There is another apartment next door, and I can hear the young girl singing songs in English. I see her and her mother walking past but I haven’t had the chance to speak to them. Maria Fernandez and Wolfgang live above. The only pain is the security. I have to carry three keys, one for the gate on the driveway, one for the security screen door, and another for the door itself. It’s quite a process coming and going, especially at night because there is little light. I need to carry a flashlight.

Monday, January 11, 2010

Made it

After a year plus of planning, emailing, cajoling, and many other gerunds, we made it. 25 strong. Well... eventually. Only 24 made it so far. A marine, I am not. More on that later.
The journey was rough, broken into five, three hour increments: LAX, flight to Houston, layover in Houston, flight to Iberia, bus ride to Samara. I tried to sleep during the flights, but was baby neck and kept jarring myself awake. My cabesa is mucho grande.
Flying in was a bit of a joy ride. You could see the white caps on the water from 20,000 feet, a pretty good indication of the adventure to come. Who needs Six Flags when you have landings like that?

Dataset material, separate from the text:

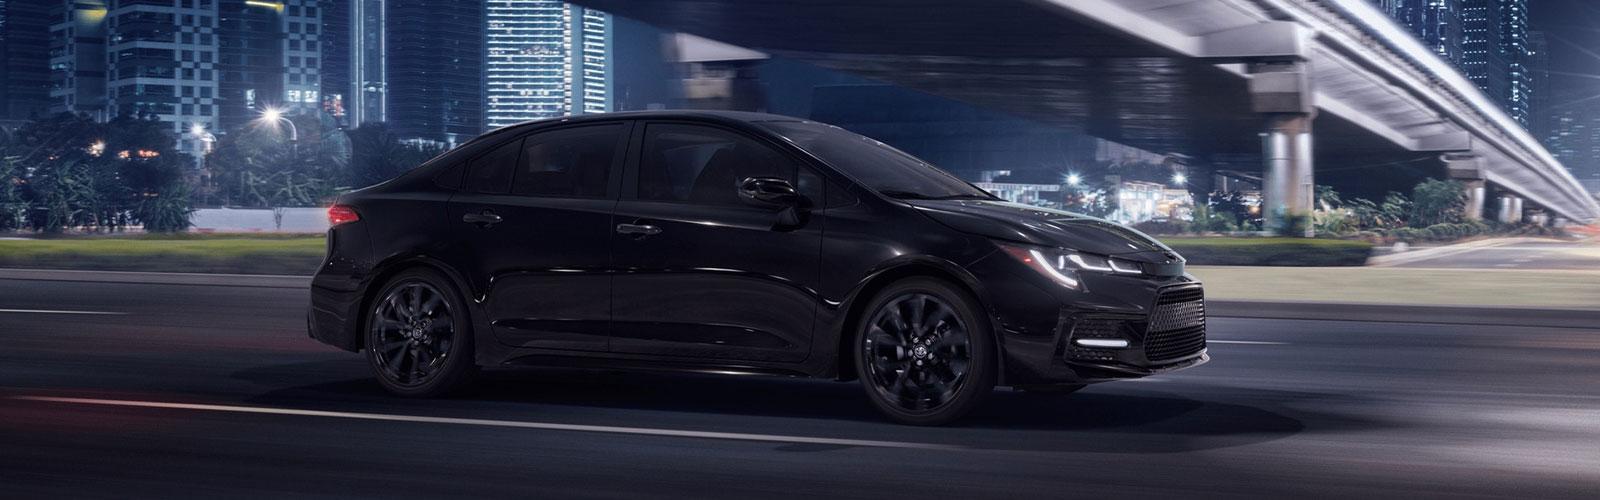 2020 Toyota Corolla Hybrid Models For Sale In Grenada, Mississippi

I was a bit disappointed in the welcoming we received. Or lack of one.Believe me, I wasn't expecting marching bands but we got a Dutch student worker who unluckily got picked the Sunday shift. It was a bit of a cluster fuck arranging the Tico-families to come pick up the students. The students were a bit shell shocked, and some of the girls looked at me with utter confusion when I told them to get into these cars with these strangers. Even worse, we couldn't get a hold of some of the families, so some students had to wait. And wait.
We had a welcome dinner... but once again, there wasn't anyone from the school to welcome us. Apparently, Lucie came at 8:30 but many of the students were baby neck, falling asleep into their gallo pinto.

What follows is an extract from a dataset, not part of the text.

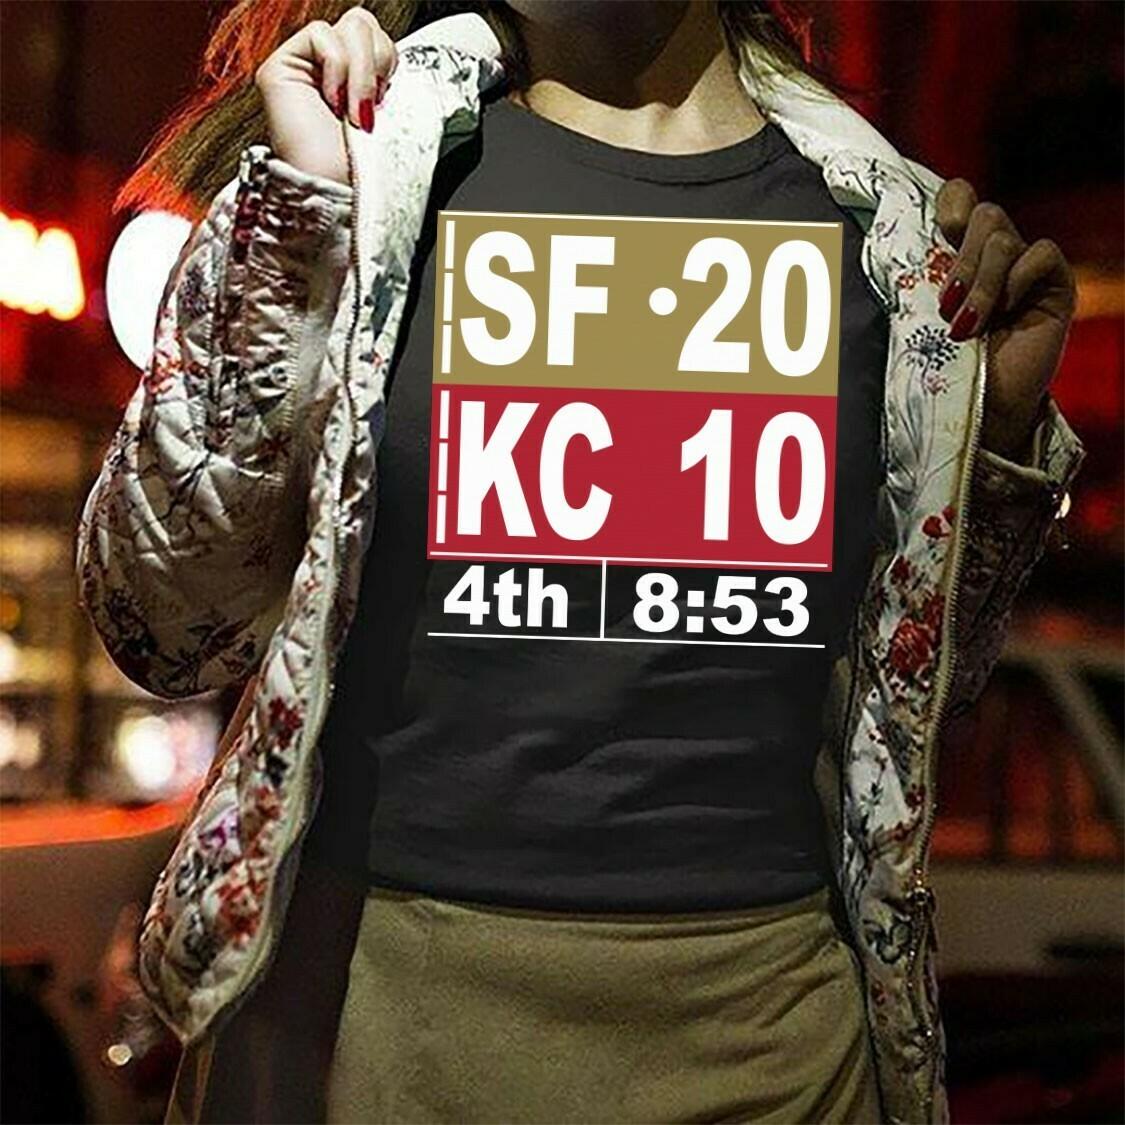 SF 20 KC 10 T-Shirt Hoodie Sweatshirt Sweater Tee Kids Youth Gifts Jolly Family Gifts

By this time it was pitch black, and I made sure everyone had a buddy so no one walked home alone. We lost most of the group when we passed the Internet cafe.

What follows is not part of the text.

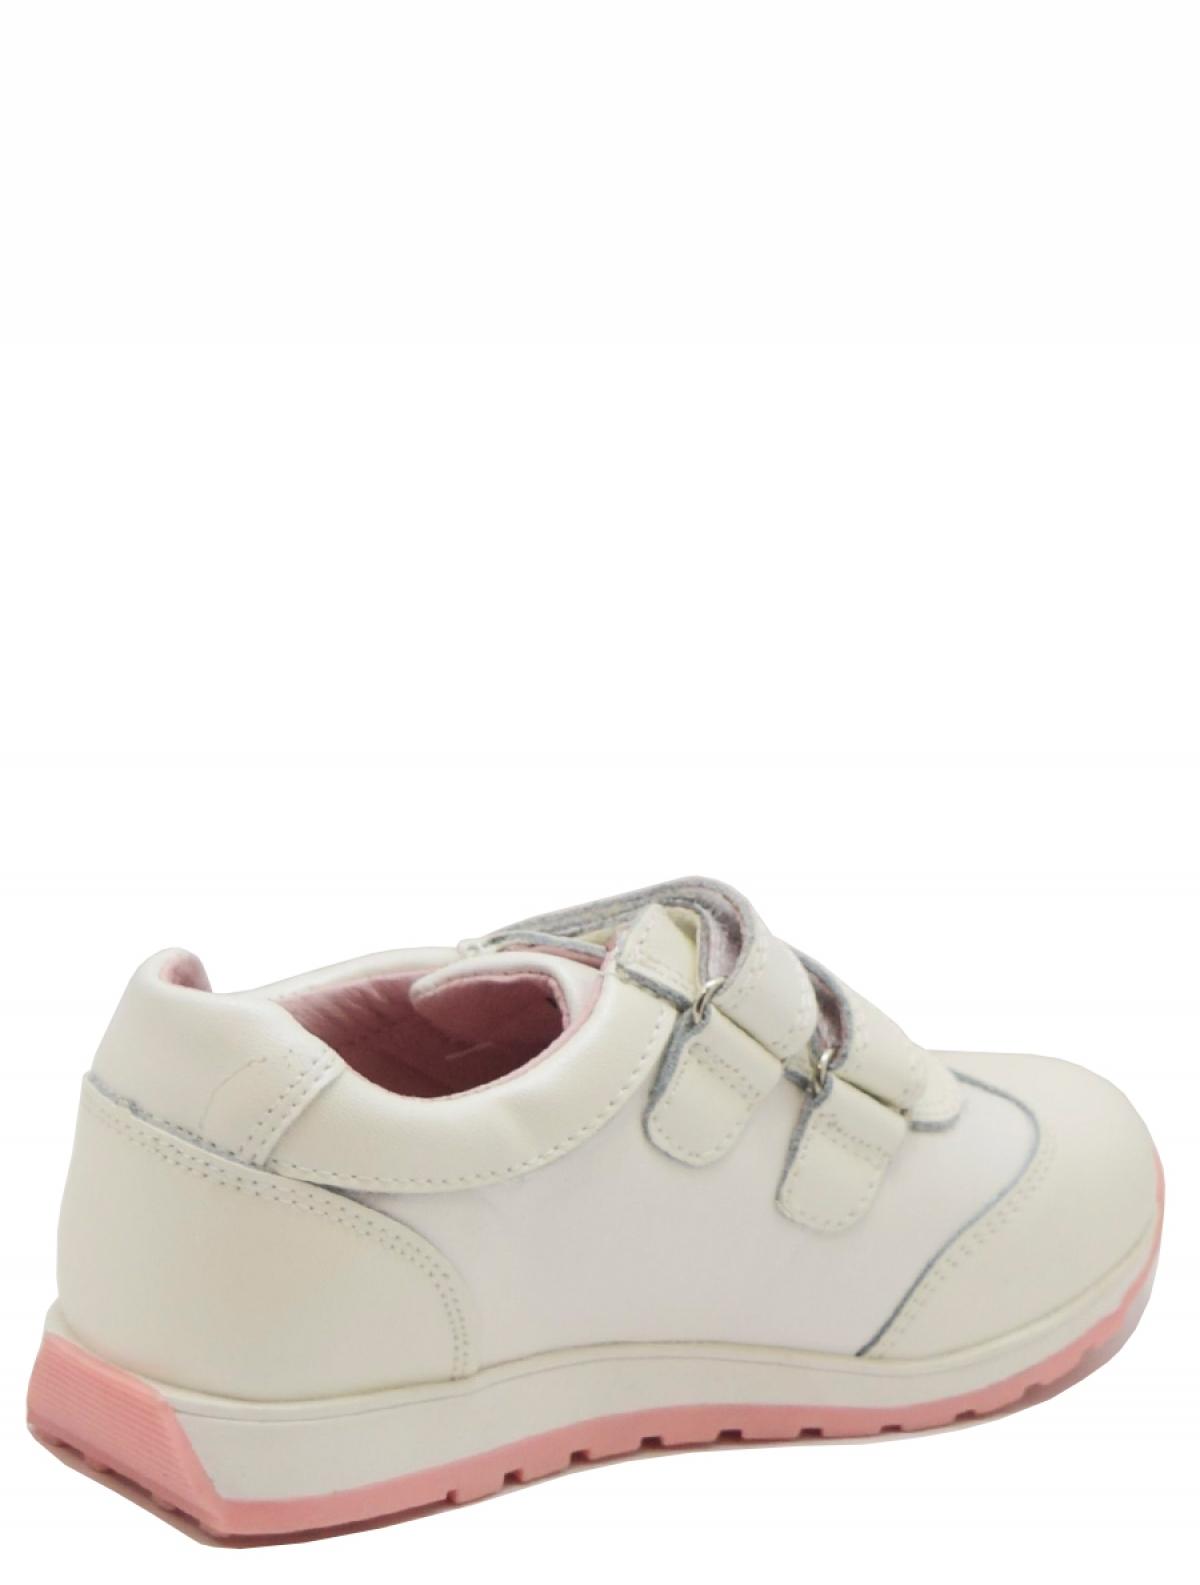 A-B80-37-B  кросcовки для девочки

Speaking of which, as is my Modus operandi, I left a student behind. For those who don't remember, in 2006 as we were departing Barcelona, one of my students had her backpack stolen- due to her own stupidity and/or drunkenness. Of course the backpack had her wallet and passport, so with many tears I left her at the airport with $200 and a good luck. On Sat night, more of the same. We had a late entry participant. One girl signed on within the last week. But she had to book her own flight. I was surprised when she told me she would arrive within ten minutes of our plane's arrival. Serendipitous I thought. Too much so. She had read the itinerary incorrectly, and instead of departing at 11:30 Sat night, she was leaving 11:30 Sunday, coming in 24 hours later that we were. There wasn't much I could do at that point. She can take a bus or a taxi. We'll see if she arrives today.
I was in bed and asleep by 9:00. Arrival day- complete.